Agreed. Complexity constraints should be present in documentation whenever possile. This is just another thing that has been ignored in favor of more substantial updates. Sean
Nov 18 2005
parent reply Manfred Nowak <svv1999 hotmail.com> writes:
Sean Kelly wrote:

[...]
 So AA operations should be O(1). 

A clear maybe.
 Personally, I don't understand the choice of btrees over slists
 as it seems to expect that the hashing algorithm won't provide a
 good distribution.

The hash function walter uses is the adress of the element inserted, that is as fast as can be---and bad in terms of distribution over the table. But although the distribution is bad the probability is close to zero, that any bin contains more than 16 elements. Although the unbalanced binary tree Walter has choosen for the resolution of collisions is bad as hell in theory it performs very well under the constraints given.
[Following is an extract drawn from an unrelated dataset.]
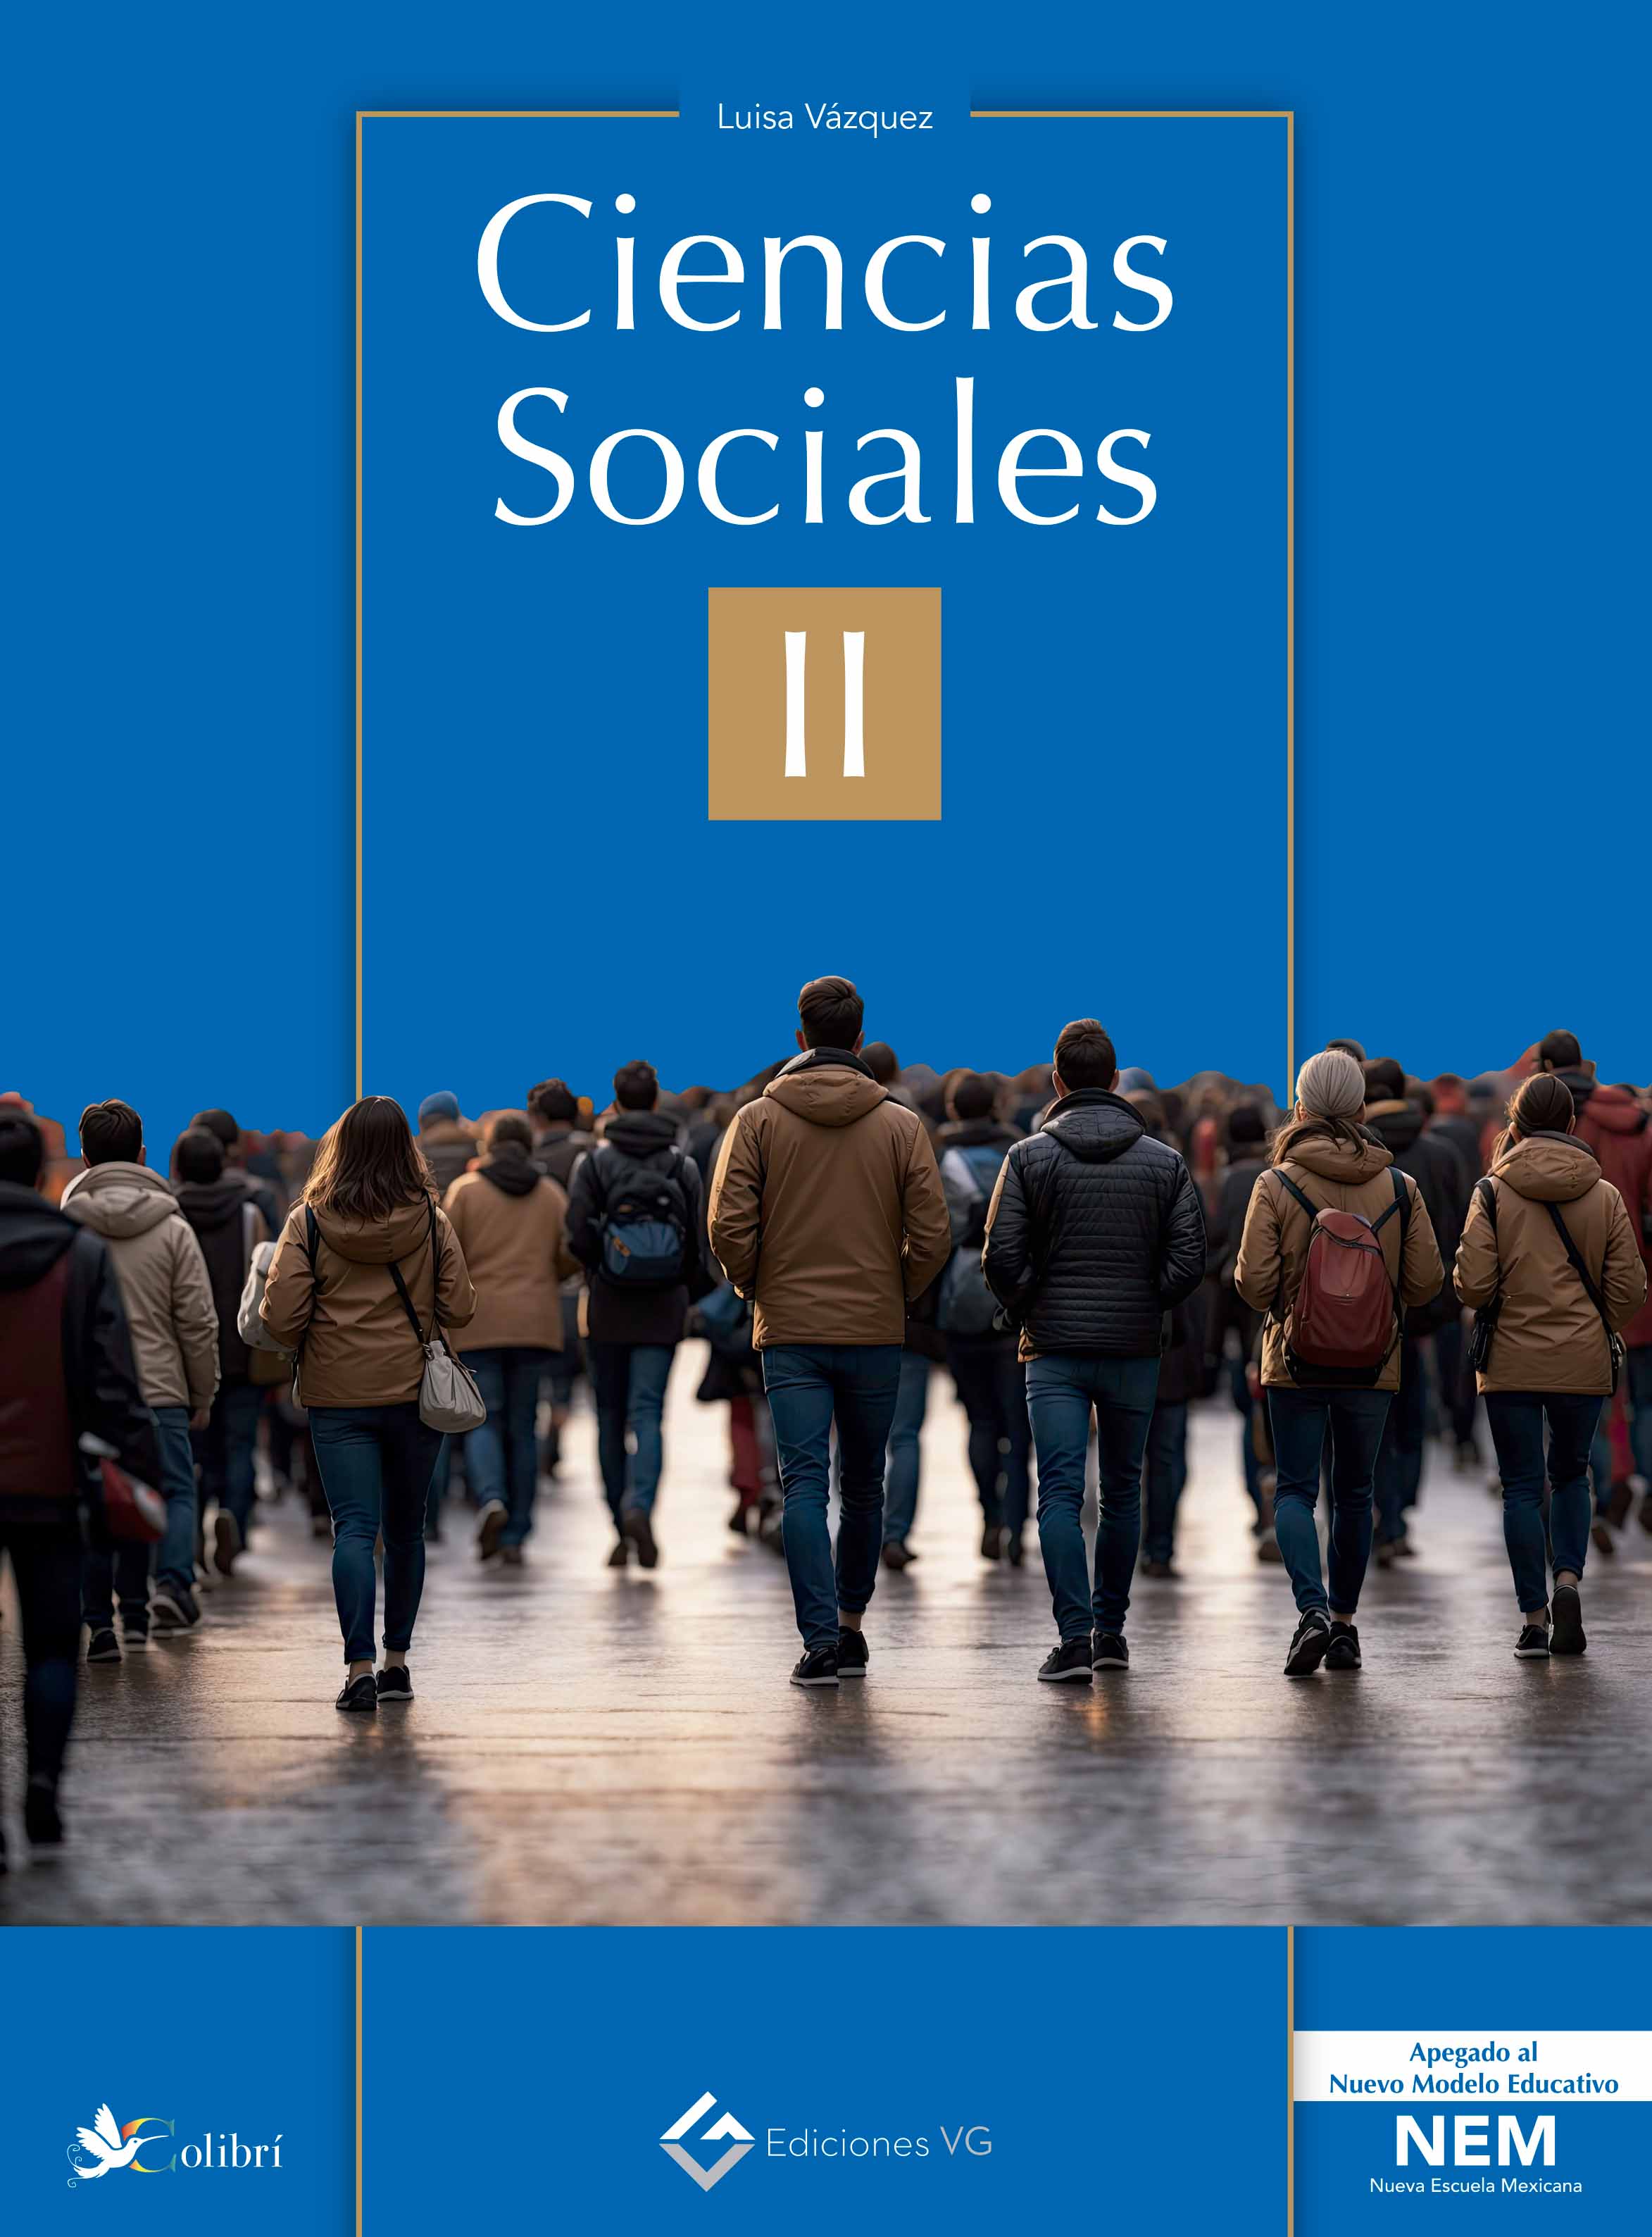 Course Image Ciencias Sociales II

Let a be the number of accesses to the n element in the AA and let r be the number of rehashes of the AA, then the runtime in total is O (a+r*n), the runtime for a single access is O(n) because an automatic rehash might occur, and the amortized runtime for a single access is O(1+r/ae), where ae is the minimal number of accesses to an element in the AA, of course ae>=1. Therefore the time bound for an access to an element in the AA is amortized O(1) if and only if the number of rehashes to the AA can be bound by a constant. -manfred
Nov 18 2005
next sibling parent reply Sean Kelly <sean f4.ca> writes:
Manfred Nowak wrote:
 Sean Kelly wrote:
 
 [...]
 So AA operations should be O(1). 

A clear maybe.

Oops, I forgot the "amortized."
 Therefore the time bound for an access to an element in the AA is 
 amortized O(1) if and only if the number of rehashes to the AA can be 
 bound by a constant.

The number of rehashes/reallocations/whatever in any amortized constant time algorithm tend to be a (slowly growing) function of N (which isn't a constant), so by that rationale they can't be amortized O(1). What am I missing here? Sean
Nov 18 2005
parent reply Sean Kelly <sean f4.ca> writes:
Sean Kelly wrote:
 
 The number of rehashes/reallocations/whatever in any amortized constant 
 time algorithm tend to be a (slowly growing) function of N (which isn't 
 a constant), so by that rationale they can't be amortized O(1).  What am 
 I missing here?

I take it back :p There is a constant bounding those functions. Should have given it some thought before posting. Sean
Nov 18 2005
next sibling parent reply Munchgreeble <Munchgreeble_member pathlink.com> writes:
In article <dlmhh2$2o35$1 digitaldaemon.com>, Sean Kelly says...
Sean Kelly wrote:
 
 The number of rehashes/reallocations/whatever in any amortized constant 
 time algorithm tend to be a (slowly growing) function of N (which isn't 
 a constant), so by that rationale they can't be amortized O(1).  What am 
 I missing here?

I take it back :p There is a constant bounding those functions. Should have given it some thought before posting. Sean

Hi, I could be missing something here, but complexity information gives you a an idea of how *scaleable* an implementation is, not how *fast* it is. It's not uncommon for lower order solutions to a problem to be really slow and higher order solutions to be very quick - it just depends how big N is. I might have a great O(1) time algorithm for some application, but maybe it takes four days to run. If you have an O(N^2) algorithm for the same thing that runs in lets say 10ms + 2ms * N^2, N is going to have to get pretty big before you decide to switch over to the O(1) implementation. That's why you mostly only see the first order term given. The only point in going into more detail is to let you know about corner cases - it might just be that your particular application is going to push the wrong buttons and not end up with the typical performance (e.g you might get O(N) instead of O(1)) - extra terms are not useful for comparing execution speeds between two algorithms. If raw runtime execution speed is what you're interested in, you're just going to have to profile the code and see what works fastest for your application/target platform. Take a look at this performance comparision for example, it demonstrates that even for hashmaps, the performance varies quite widely among implementations: http://www.tommti-systems.de/go.html?http://www.tommti-systems.de/main-Dateien/reviews/languages/benchmarks.html Clearly they're all O(1) algorithms, but surprisingly the C++ implementation is the slowest even though it has the potential to be fastest. Hope that's useful Cheers Munch
Nov 19 2005
next sibling parent Manfred Nowak <svv1999 hotmail.com> writes:
Munchgreeble wrote:
[...]
 If raw runtime execution speed is what you're interested in,
 you're just going to have to profile the code and see what works
 fastest for your application/target platform.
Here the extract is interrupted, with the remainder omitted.